“They’re learning something new about the world that nobody else has ever known, and they become the world experts on that particular data set,” Whittall says. “That’s an empowering moment for students, and that gives me great joy.”
For Avi Subramanian ’25, the class came as the perfect opportunity to get experience in conducting molecular biology research while blending in his love of birds. This has meant visiting bird banding stations to collect samples and using bioinformatic tools like Sanger Sequencing to translate the collected DNA into a code that can later be matched with organisms.
“I’ve always loved birds,” Subramanian says. “They symbolize to me a unique sense of freedom, and how they can live their lives to the best as they can with how they take flight [and] can literally go anywhere if they put their minds to it. You can take that mindset into anything that you do and I’ve always kind of related to that with birds.”

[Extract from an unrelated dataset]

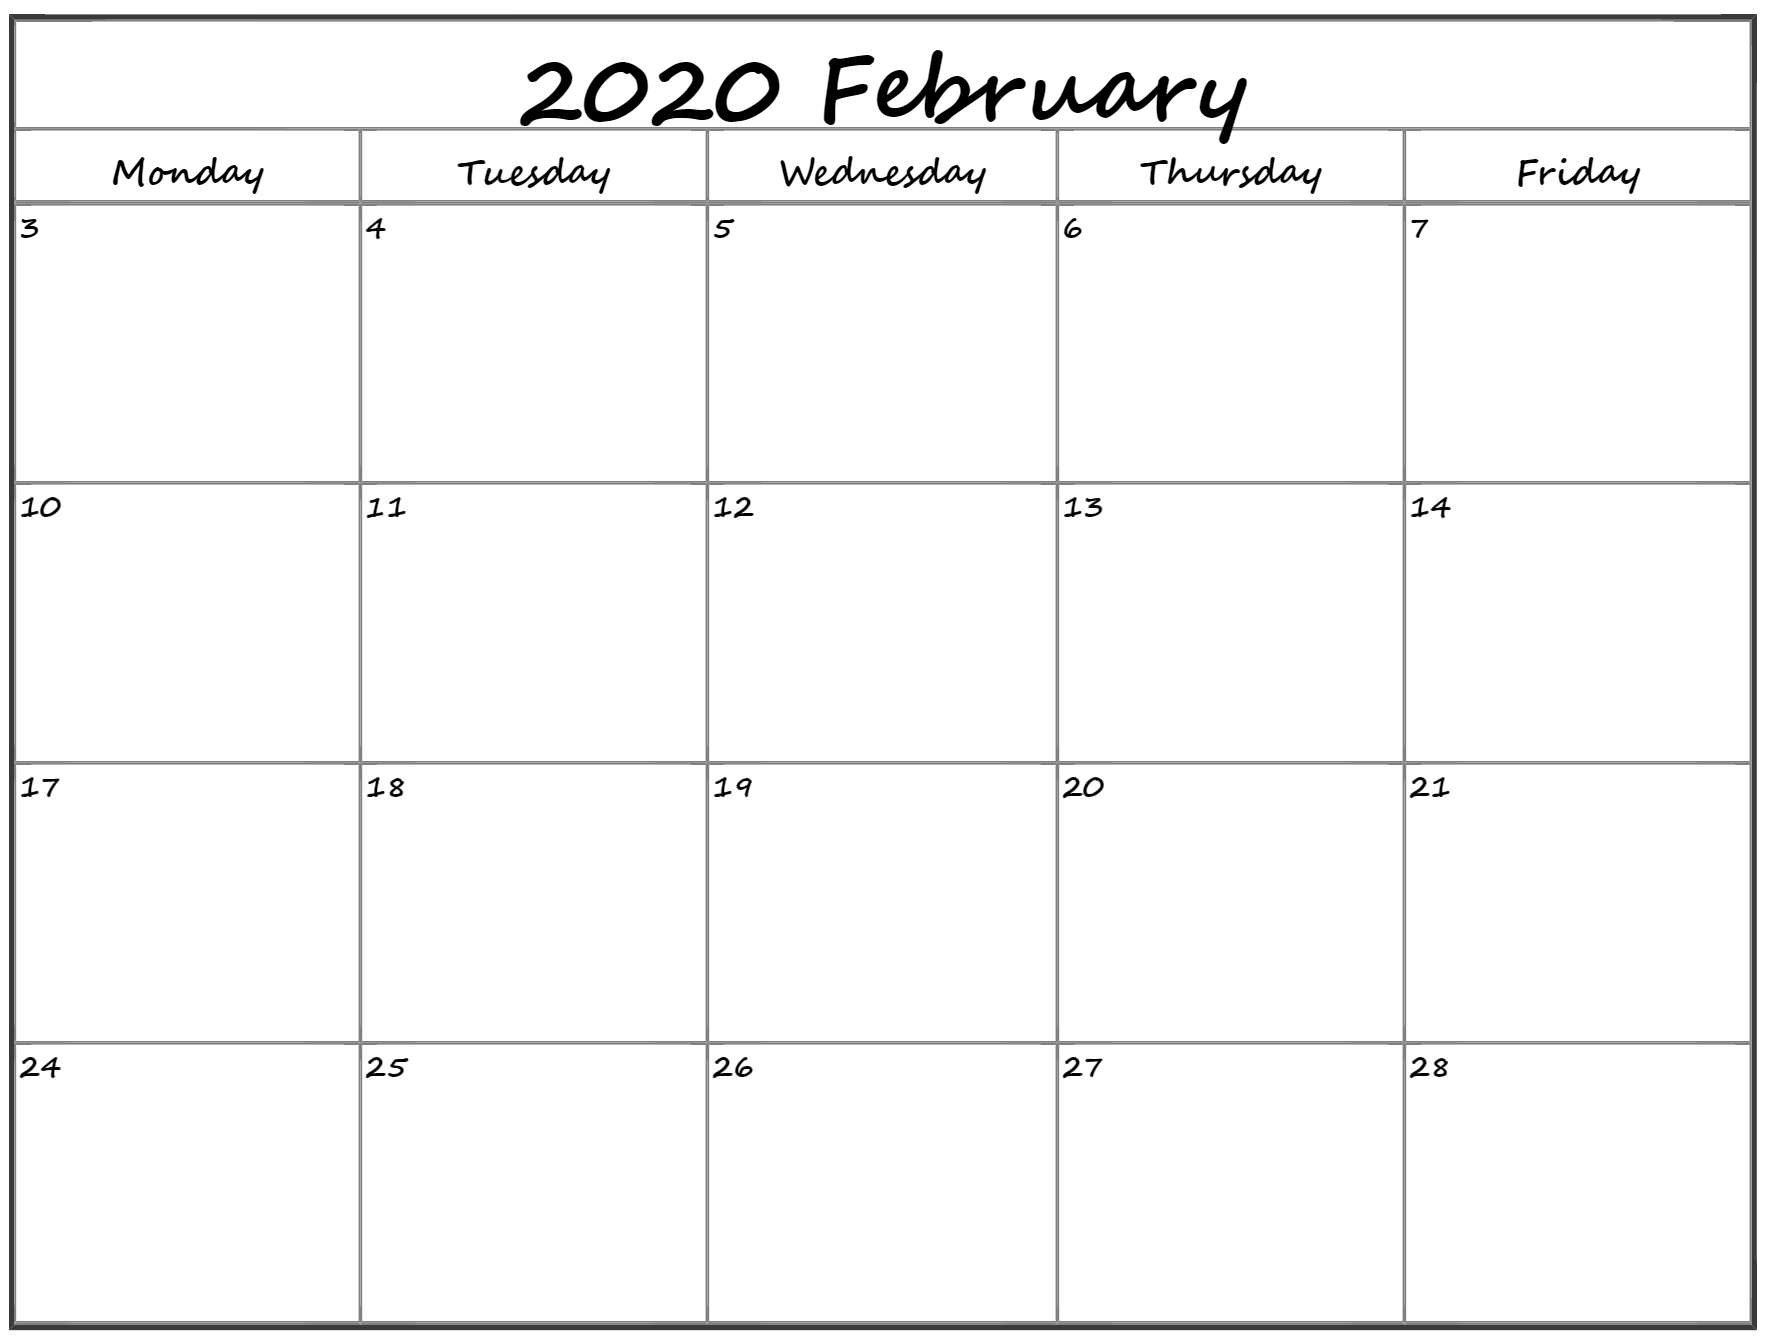 February 2020 Monday Calendar   Monday To Sunday Free Printable Calendar Monday To Friday

Subramanian takes this mindset into molecular biology and explains that there are many ways to approach it, from looking at how species interact to how the proteins in a cell interact with DNA. Regardless of the approach, molecular biology all starts with interactions across scales. If DNA is the recipe for every living organism on earth, then scale is the various sizes you can examine life through. For example, with the naked eye, you might see a bird eating seeds, but on a molecular scale, you could see the genetic makeup of a seed within the bird’s scat.